Счастливые минуты доверия и признательности остались в прошлом. А в настоящем — злые, отталкивающие слова. Как она старалась помочь Ролану, с каким самоотверженным энтузиазмом, рискуя прослыть наивной идеалисткой, оправдывала все действия Рауля, спорила с герцогом. И вот итог — эти господа с цветущим видом расхаживают по кораблю, и совсем-то они не похожи на несчастненьких, которым нужна чья-то помощь, сочувствие, доброе слово. Но за все хорошее она получила суровый урок. Родной отец обозвал ее сегодня 'зареванной лахудрой' .
— Увы! Люди такие лицемеры! Я и не думал, что они такие…
— Я вас не понимаю, Анри! С чего вы взяли, что все кругом лицемеры?
Анри вздохнул.
— Вы помните, какой свинятник мы тут обнаружили? Бутылки, кожура, обглоданные кости…
— Ну, вы прямо как девчонка! Могло быть и хуже! — сказал Ролан.
— Куда же хуже? Хуже, по-моему, некуда! Мы с вами, Ролан, дворяне, убирали апельсиновые корки, все эти чудовищные объедки, потому что… я не мог видеть такую мерзость!
— Ну и что? — пожал плечами Ролан, — Вы полагаете, мы уронили свое достоинство?
— Я не о том. Вы помните, как красиво и поэтично начиналось наше плаванье?
— Как я могу помнить — я спал в сундуке. Вы о визите Шевретты?
— Могли ли мы тогда подумать, в какой хлев превратится палуба, усыпанная цветами? Если бы Шевретта увидела оставленный Пиратами свинюшник…
— При даме — свинюшник? О нет! Но здесь нет дам.
— Вот! — вскричал Анри, — Теперь я знаю, что мужчинам нельзя верить. Может, когда и были благородные рыцари, но все они остались в далеком прошлом. В Столетней войне и крестовых походах. А сейчас, предоставленные сами себе, эти ужасные люди…
— Глупо, — сказал Ролан, — Рыдать, словно настал конец света из-за пары обглоданных костей и апельсиновой кожуры.
— И еще, — сказал Анри, вытирая слезы, — Все мы, в сущности, пираты. И это уже не игра.
— С чего вы взяли?
— А разве нет?
— А разве да?
— Ну, подумайте, Ролан, ради чего Бофор велел поднять красный флаг на корме?
— Бить мусульман.
— Зачем их бить? Что вам лично, бретонцу, сделали мусульмане?

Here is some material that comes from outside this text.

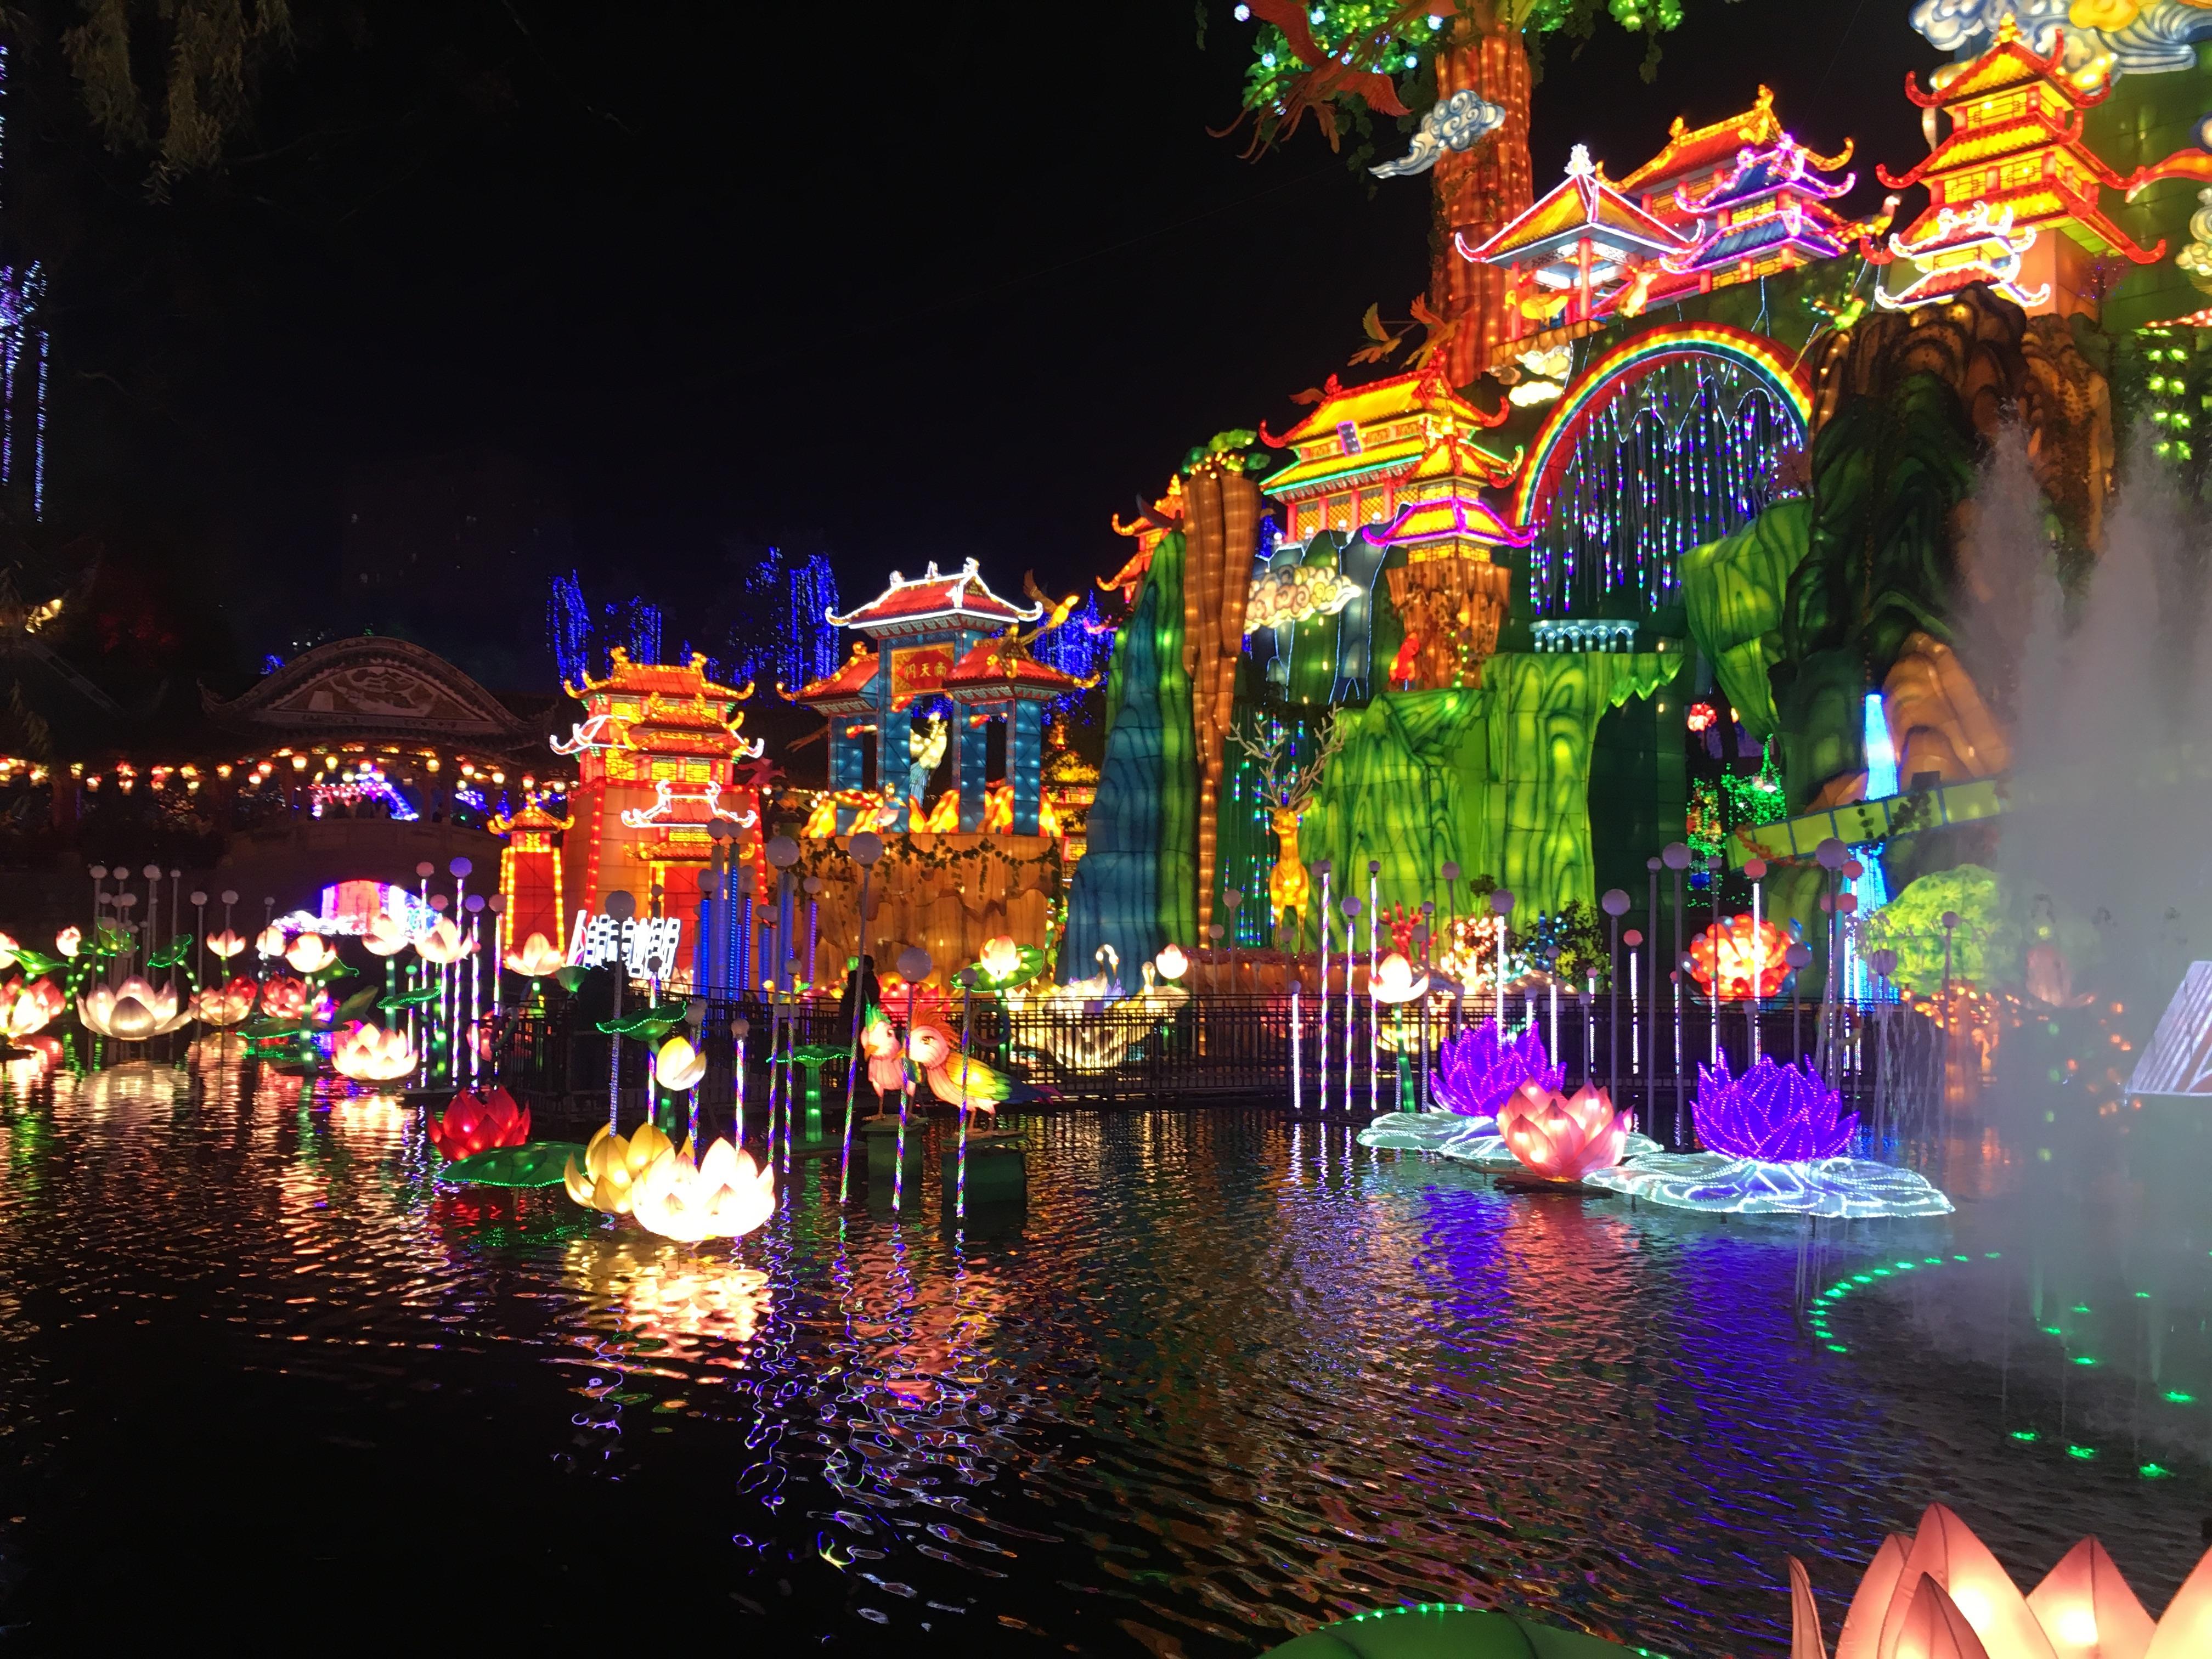 lantern festival zigong china international twenty manufacturer third chinese lanterns water parade cartoon luminous dragon company landscape lighting animal landscapes

— А вы не знаете? Отобрать обратно все наши сокровища, которые они награбили. Мусульманские государства всегда грабежом промышляют, общеизвестный факт.
— Наши?!
— Ну… не только наши. Испанские. Английские.
— Вот у вора дубинку украл.
— Что за чушь! Надо же их проучить.
— А потом кому достанутся сокровища?
— Королю. Адмиралу.
— Вам не приходило в голову, что главное сокровище — люди? А что выиграют простые люди в этой войне? Матросы? Простые солдаты?
— Ну,… им тоже что-то достанется. Призовые деньги, так, кажется.
— Боюсь, что большинству достанется смерть.
— Всех не убьют. А кому-то повезет. Но, если думать об этом день и ночь, так и спятить недолго. Я стараюсь не думать, и вам то же советую. Лучше бы вы дома сидели.